Симеркет продолжал смотреть на статую, пока наблюдающий за порядком стражник не прошептал ему, что он должен покинуть часовню, дабы другие верующие могли приблизиться к божеству. Когда он снова оказался в зале, к нему подошел молодой священник.
— Господин Симеркет? — осведомился неизвестный.
Симеркет удивленно кивнул.
— Досточтимый Служитель Высшей Магии Адад просит вас для небольшой беседы.
— Меня? — осторожно переспросил Симеркет.
Молодой священник наклонил голову, указывая на маленькую дверь в конце зала, совершенно скрытую от посторонних глаз. Они пошли туда.
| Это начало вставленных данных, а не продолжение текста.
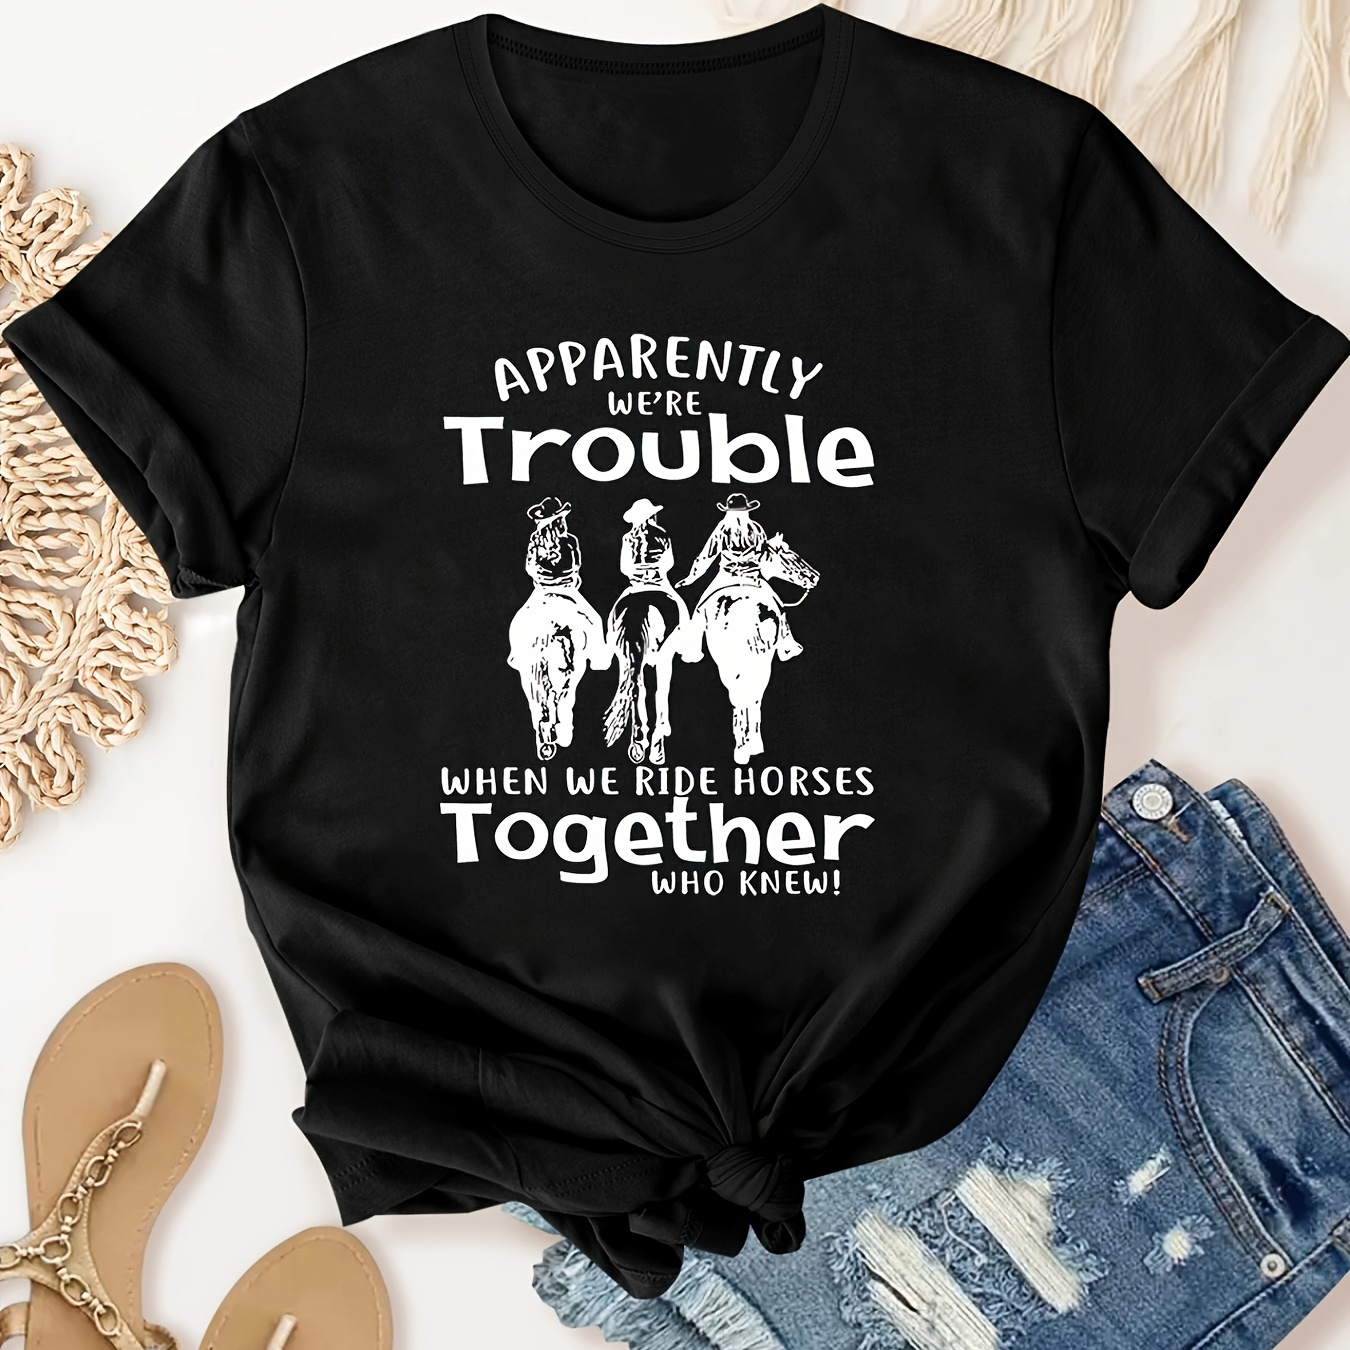 

Apparently We're Trouble Print T-shirt, Crew Neck Short Sleeve T-shirt, Casual Sport Tops, Women's Clothing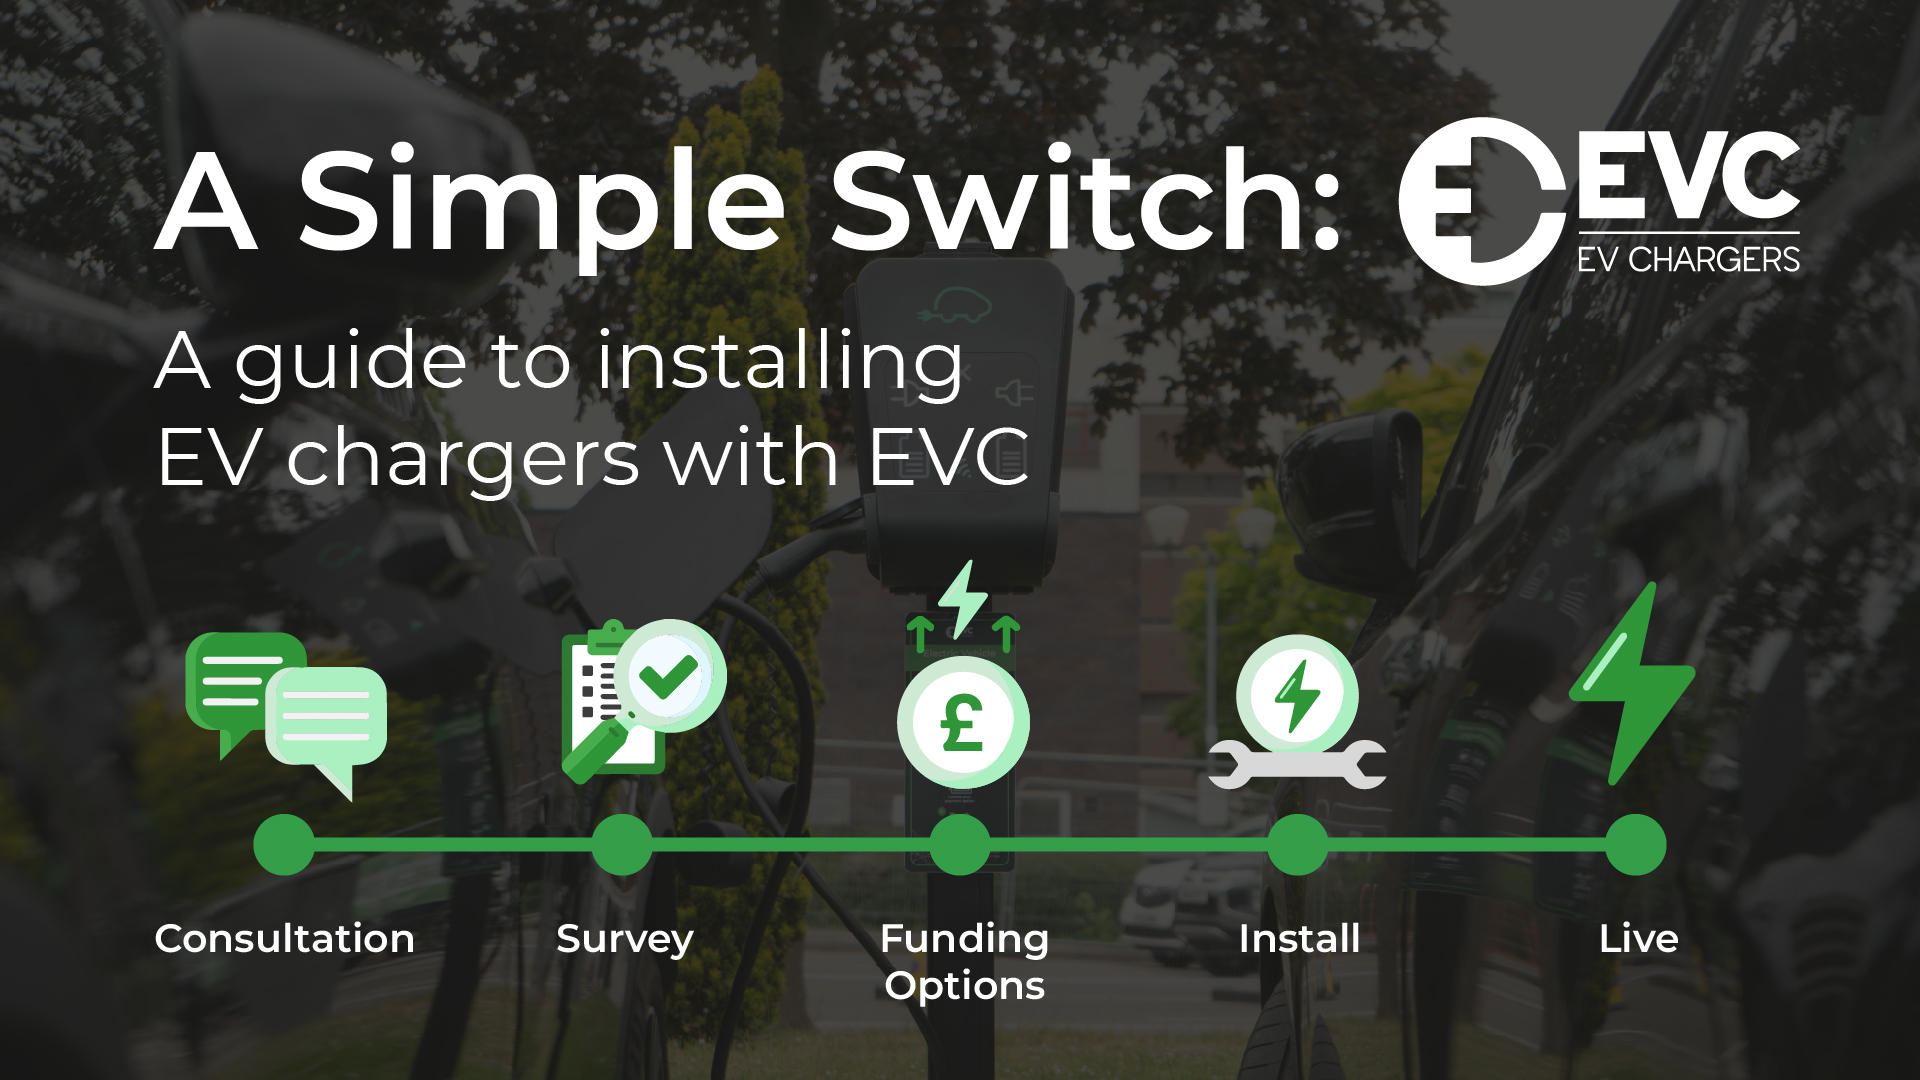 A simple guide to installing EV chargers with EVC

За дверью оказалась узкая лестница, ведущая на второй уровень храма.
В высоких покоях было темно и тихо, как в святилище бога. Молодой священник поднес к губам палец и кивнул в сторону дальнего конца комнаты. Симеркет уставился в темноту и увидел склоненного над каменным алтарем мужчину. Уходя, молодой священник тихо закрыл за собой дверь, и Симеркет остался один на один с Ададом. В этот момент в ноздри ему проник солоноватый железистый запах свежепролитой крови, вызвав в его душе тревогу…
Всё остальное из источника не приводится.